### [Data for this exercise]
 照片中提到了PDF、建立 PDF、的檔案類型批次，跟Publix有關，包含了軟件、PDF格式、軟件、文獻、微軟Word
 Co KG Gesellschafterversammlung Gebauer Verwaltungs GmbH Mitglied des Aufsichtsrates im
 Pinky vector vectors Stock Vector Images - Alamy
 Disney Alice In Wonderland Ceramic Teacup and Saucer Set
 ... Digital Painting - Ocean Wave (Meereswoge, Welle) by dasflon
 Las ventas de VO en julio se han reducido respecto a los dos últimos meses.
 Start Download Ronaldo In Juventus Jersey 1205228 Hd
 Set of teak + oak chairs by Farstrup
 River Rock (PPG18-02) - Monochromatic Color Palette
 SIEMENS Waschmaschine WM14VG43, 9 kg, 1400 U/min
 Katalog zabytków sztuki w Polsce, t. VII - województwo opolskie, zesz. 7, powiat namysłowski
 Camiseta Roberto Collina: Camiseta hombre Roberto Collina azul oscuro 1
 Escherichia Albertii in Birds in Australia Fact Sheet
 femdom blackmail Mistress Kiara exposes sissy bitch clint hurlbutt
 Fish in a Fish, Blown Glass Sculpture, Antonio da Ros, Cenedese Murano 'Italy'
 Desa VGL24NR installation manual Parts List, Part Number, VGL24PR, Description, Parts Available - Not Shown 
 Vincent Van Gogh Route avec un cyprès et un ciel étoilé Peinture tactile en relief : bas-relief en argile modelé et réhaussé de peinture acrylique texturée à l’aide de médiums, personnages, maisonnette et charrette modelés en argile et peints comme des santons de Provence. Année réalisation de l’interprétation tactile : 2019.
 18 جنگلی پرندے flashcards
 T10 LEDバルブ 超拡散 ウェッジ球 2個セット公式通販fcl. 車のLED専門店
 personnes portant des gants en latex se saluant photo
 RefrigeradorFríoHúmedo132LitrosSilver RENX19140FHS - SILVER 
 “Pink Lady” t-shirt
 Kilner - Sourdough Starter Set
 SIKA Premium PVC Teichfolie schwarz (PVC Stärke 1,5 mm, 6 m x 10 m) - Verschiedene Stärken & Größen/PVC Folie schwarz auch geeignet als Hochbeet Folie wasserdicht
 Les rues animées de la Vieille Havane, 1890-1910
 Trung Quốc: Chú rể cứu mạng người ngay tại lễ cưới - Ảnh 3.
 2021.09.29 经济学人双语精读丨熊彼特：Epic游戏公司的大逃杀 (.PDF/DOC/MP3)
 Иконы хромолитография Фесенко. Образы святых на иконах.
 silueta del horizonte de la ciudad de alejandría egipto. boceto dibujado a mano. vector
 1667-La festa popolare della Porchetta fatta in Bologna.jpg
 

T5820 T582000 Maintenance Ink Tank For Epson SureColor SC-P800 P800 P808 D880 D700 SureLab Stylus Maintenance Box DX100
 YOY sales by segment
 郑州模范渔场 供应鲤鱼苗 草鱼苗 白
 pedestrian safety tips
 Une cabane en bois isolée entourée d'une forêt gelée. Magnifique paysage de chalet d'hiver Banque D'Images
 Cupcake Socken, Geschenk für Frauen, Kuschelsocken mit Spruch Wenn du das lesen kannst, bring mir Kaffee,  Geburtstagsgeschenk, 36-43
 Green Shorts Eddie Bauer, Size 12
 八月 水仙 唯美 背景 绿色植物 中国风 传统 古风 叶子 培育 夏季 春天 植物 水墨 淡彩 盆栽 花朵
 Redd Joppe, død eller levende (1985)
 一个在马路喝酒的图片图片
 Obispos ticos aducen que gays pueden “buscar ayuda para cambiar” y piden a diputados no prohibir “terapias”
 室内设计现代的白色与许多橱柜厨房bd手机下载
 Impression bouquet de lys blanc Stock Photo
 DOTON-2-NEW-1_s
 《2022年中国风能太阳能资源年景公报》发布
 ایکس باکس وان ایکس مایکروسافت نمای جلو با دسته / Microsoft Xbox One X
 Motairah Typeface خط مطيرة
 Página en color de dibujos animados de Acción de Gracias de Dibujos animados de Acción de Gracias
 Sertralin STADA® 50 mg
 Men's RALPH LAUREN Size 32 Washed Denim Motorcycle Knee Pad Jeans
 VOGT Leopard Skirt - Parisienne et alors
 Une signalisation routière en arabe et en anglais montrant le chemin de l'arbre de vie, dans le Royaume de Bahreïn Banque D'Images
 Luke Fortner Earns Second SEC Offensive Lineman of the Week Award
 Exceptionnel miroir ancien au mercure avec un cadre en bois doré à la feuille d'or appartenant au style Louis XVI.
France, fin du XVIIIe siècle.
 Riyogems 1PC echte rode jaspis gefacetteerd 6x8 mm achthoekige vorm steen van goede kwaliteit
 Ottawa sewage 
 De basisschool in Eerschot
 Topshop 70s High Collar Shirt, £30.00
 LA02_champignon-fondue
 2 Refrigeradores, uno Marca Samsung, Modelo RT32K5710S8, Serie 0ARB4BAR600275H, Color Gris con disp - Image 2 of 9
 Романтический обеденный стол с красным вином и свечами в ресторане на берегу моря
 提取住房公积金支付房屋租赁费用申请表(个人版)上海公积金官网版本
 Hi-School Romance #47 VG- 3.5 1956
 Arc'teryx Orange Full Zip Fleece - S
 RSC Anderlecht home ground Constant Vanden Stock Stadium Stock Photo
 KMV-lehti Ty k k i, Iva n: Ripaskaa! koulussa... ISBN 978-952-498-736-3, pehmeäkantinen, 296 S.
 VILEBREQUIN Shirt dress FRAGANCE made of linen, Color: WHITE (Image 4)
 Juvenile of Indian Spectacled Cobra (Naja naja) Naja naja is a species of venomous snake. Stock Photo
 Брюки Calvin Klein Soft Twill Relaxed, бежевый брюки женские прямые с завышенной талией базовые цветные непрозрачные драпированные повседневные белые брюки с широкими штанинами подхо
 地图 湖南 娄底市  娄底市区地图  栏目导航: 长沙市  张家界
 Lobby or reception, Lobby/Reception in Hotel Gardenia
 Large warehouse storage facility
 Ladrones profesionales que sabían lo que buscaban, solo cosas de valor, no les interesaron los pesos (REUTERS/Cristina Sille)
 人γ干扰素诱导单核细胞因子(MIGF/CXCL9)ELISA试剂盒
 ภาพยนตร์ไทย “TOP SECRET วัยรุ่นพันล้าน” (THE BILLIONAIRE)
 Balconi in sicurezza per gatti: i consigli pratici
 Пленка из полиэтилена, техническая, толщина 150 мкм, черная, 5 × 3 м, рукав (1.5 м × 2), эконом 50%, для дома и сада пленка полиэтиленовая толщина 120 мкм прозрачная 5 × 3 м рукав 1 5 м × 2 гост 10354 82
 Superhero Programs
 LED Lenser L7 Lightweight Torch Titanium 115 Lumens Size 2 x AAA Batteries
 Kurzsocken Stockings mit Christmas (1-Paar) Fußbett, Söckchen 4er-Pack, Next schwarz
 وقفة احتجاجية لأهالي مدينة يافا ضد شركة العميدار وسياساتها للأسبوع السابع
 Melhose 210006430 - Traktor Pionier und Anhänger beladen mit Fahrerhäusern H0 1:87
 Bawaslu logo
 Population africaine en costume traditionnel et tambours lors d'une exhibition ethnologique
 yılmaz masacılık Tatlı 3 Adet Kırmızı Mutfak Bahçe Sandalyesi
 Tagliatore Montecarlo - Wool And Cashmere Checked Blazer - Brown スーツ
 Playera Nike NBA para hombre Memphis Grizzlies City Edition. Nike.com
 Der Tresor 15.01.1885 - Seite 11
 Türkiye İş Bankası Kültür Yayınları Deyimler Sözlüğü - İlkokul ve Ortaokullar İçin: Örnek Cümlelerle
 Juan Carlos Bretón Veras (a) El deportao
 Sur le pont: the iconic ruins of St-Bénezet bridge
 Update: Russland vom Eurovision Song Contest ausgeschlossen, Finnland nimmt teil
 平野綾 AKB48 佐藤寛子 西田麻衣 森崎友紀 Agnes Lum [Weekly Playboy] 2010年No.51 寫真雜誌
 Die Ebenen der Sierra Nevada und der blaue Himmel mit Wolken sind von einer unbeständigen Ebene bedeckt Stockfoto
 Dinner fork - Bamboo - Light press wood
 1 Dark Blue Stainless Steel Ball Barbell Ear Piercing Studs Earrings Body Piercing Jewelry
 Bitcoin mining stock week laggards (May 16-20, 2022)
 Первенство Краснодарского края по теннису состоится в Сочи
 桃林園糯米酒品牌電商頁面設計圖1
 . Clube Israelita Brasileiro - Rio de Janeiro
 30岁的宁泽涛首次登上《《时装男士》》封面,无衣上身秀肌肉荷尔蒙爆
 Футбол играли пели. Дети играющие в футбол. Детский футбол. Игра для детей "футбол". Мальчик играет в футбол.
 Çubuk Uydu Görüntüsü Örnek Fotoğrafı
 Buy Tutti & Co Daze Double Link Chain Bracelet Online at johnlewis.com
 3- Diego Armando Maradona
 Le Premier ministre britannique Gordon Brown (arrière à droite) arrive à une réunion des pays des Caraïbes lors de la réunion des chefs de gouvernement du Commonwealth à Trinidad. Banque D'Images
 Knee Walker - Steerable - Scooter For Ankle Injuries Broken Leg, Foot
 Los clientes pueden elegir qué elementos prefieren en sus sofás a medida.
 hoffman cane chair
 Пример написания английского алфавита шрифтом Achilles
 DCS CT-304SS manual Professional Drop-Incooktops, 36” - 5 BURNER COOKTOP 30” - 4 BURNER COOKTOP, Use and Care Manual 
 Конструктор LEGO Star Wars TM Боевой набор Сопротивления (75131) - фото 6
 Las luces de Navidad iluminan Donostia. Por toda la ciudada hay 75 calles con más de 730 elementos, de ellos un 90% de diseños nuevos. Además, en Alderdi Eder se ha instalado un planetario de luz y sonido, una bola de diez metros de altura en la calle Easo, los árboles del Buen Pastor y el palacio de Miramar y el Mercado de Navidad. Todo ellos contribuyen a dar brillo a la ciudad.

### [Exercise description]
The lines to copy are those above that contain the string "elementos".

### [Task answer]
 Los clientes pueden elegir qué elementos prefieren en sus sofás a medida.
 Las luces de Navidad iluminan Donostia. Por toda la ciudada hay 75 calles con más de 730 elementos, de ellos un 90% de diseños nuevos. Además, en Alderdi Eder se ha instalado un planetario de luz y sonido, una bola de diez metros de altura en la calle Easo, los árboles del Buen Pastor y el palacio de Miramar y el Mercado de Navidad. Todo ellos contribuyen a dar brillo a la ciudad.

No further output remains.